Title: Composite Fibers in Concretes with Various Strengths
Author(s): A. Macanovskis, A. Lukasenoks, A. Krasnikovs, R. Stonys, and V. Lusis
Publication: Materials Journal
Appears on pages(s): 647-652
Keywords: composite fibers; fiber pullout; fiber-reinforced concrete; highstrength concrete
Abstract:Concrete beams reinforced by short composite macrofibers uniformly distributed in their volume were tested mechanically in bending. The short composite macrofibers were a few centimeters long and less than 2.5 mm (0.01 in.) in diameter. Macrofibers were manufactured impregnating glass or carbon-fiber tows by epoxy resin, forming unidirectionally oriented composite material rods later cut in short pieces. Such fibers were designated in the framework of the paper as macrofibers. The length-to-diameter ratios L/d of the glass and carbon macrofibers were equal to 22.9 and 28.2, respectively. The beams were loaded until the opening of the macrocrack reached 5 mm (0.02 in.).
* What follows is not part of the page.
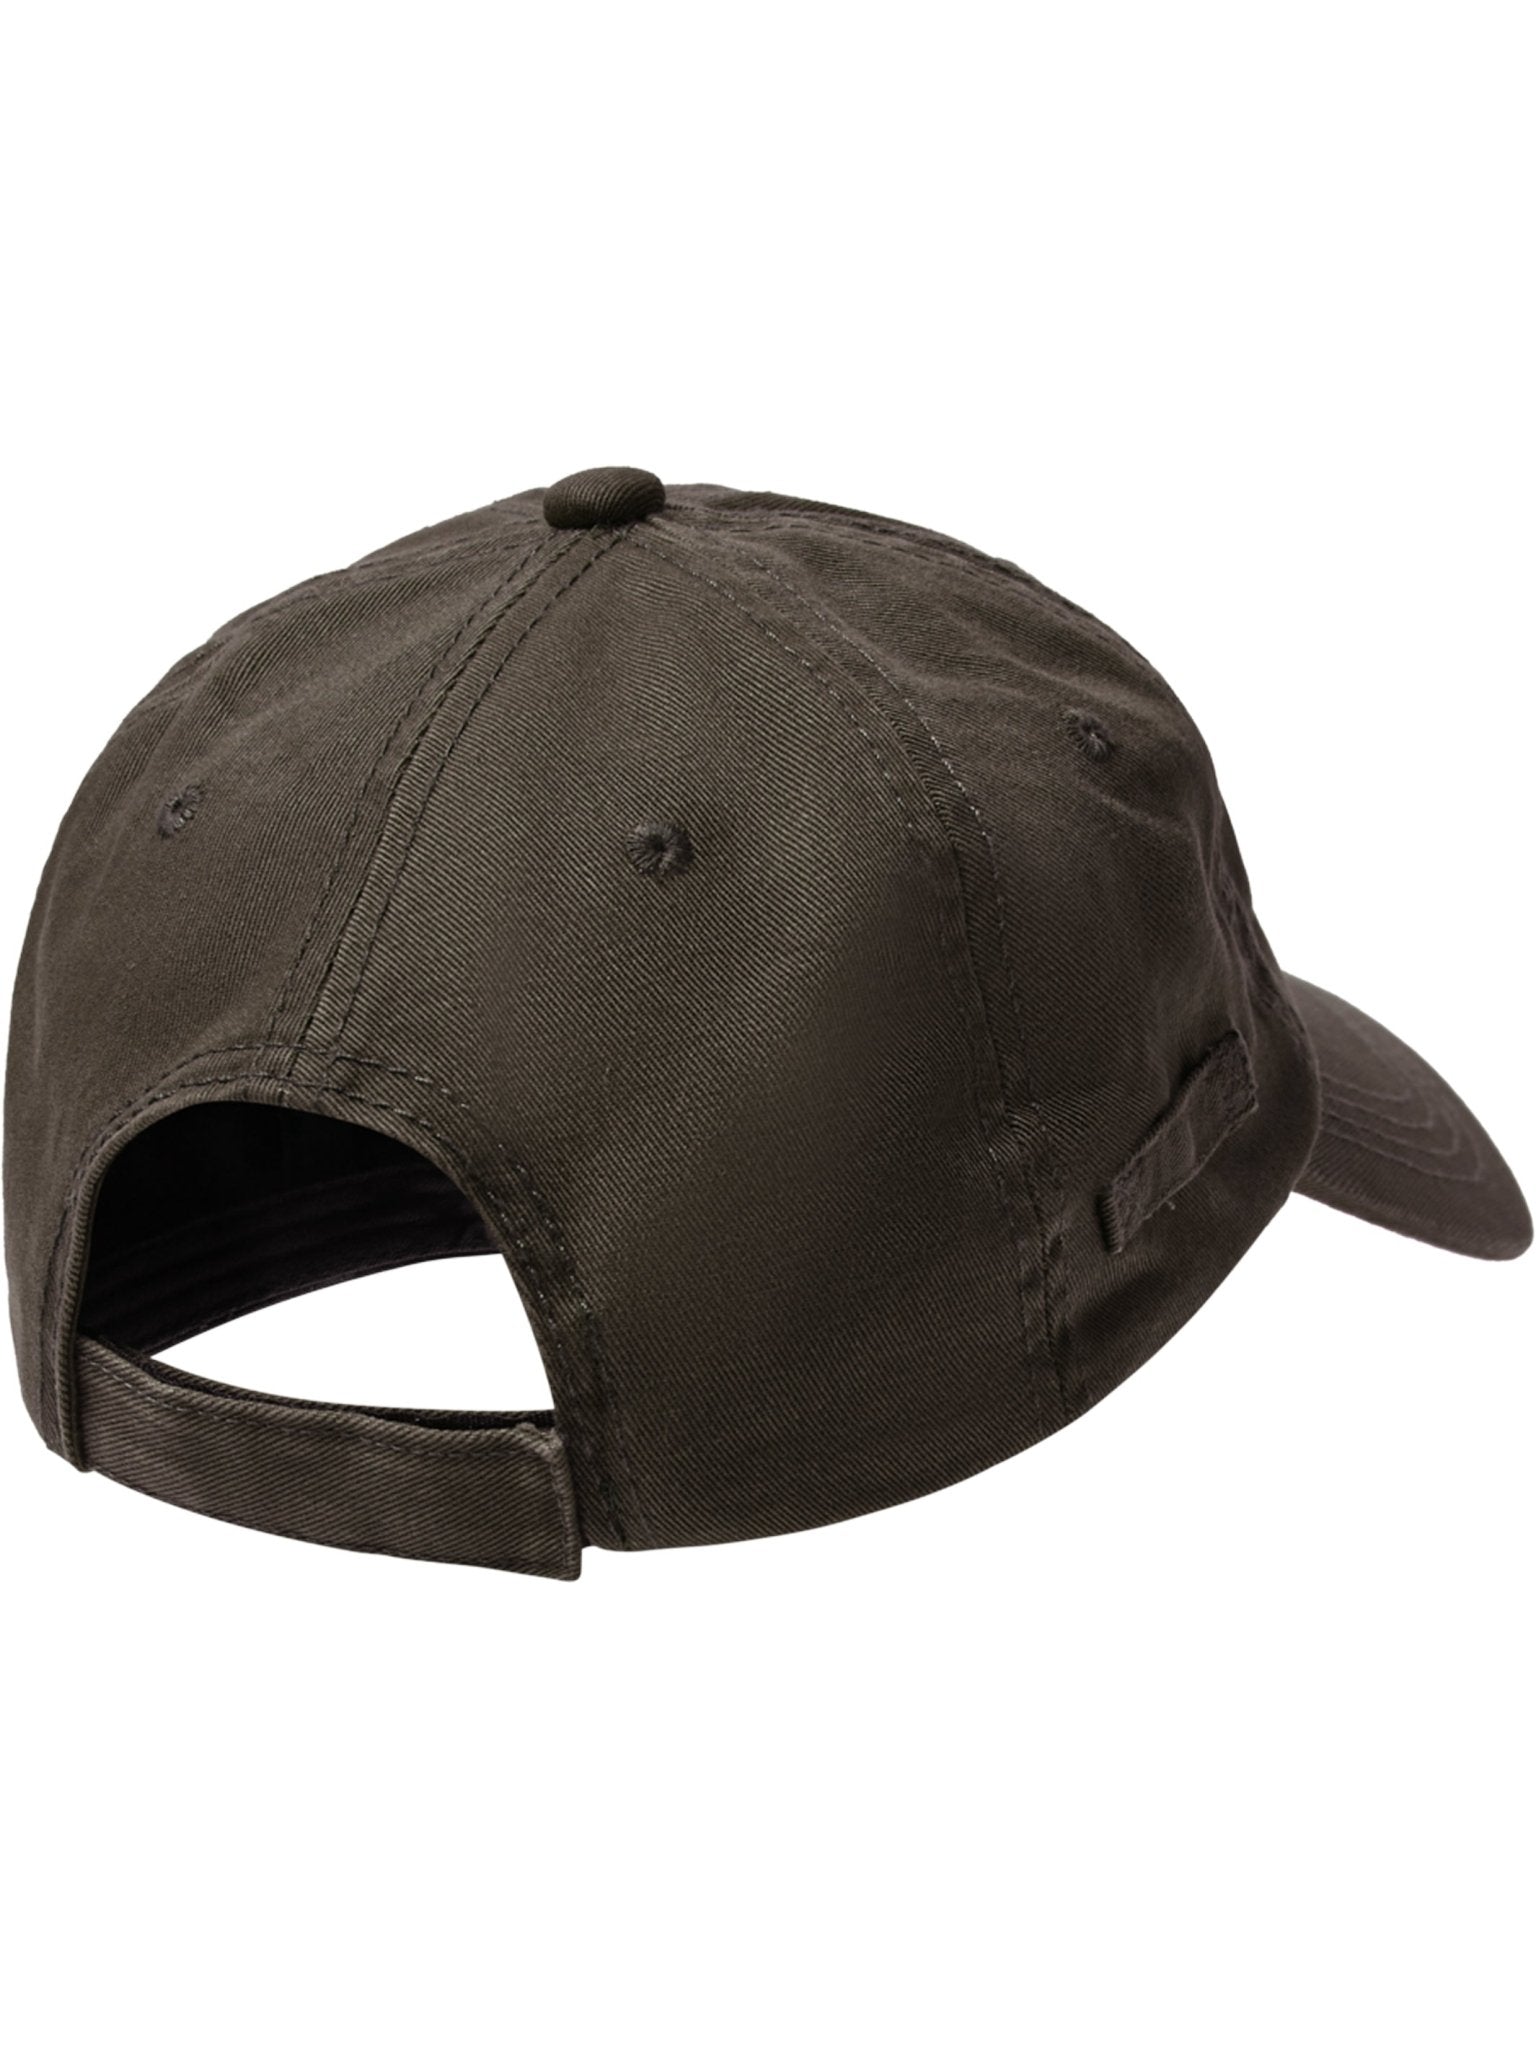 4elementsclothingDeerhunterDeerhunter - Balaton Shield Cap - Adult adjustable Baseball Cap / peaked cap / hatHats6091-999
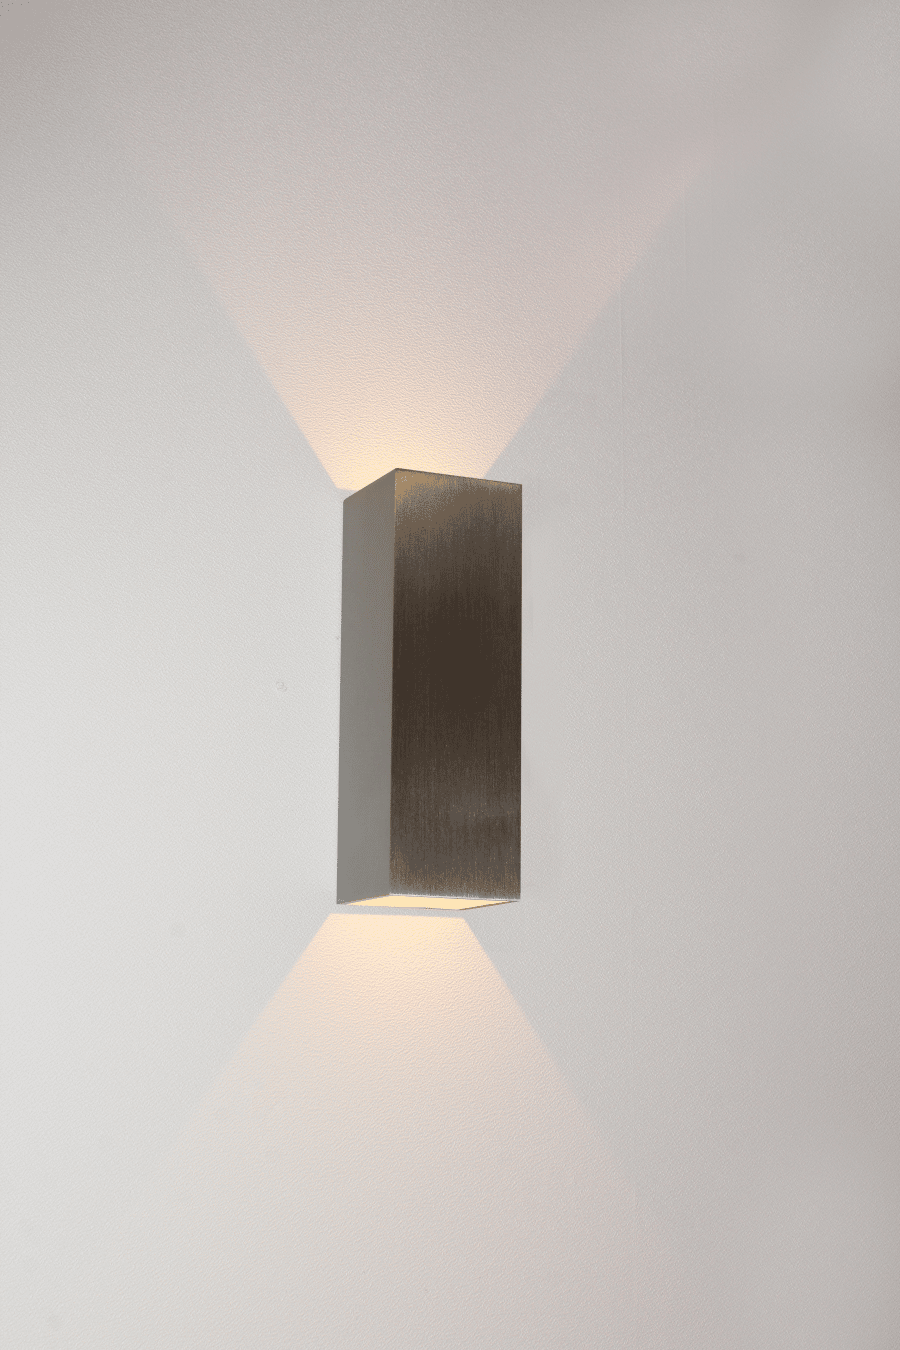 Buitenlamp Vegas klein 150 aluminium wandlamp up-down artdelight tuinextra

The macrofibers bridging the crack were pulled out during opening of the crack. Low-, medium-, and high-strength concretes in the range of 40 to 120 MPa (5800 to 17,405 psi) were used in the experiments. Pullout tests with single fibers were carried out. The volume fraction of the fibers in concrete was 1.5%. Two types of fiber-reinforced concrete beams with glass and carbon fibers were manufactured and tested, and the data obtained were compared with experimental results for steel fiber-reinforced concrete beams. The potential of the composite fibers was analyzed.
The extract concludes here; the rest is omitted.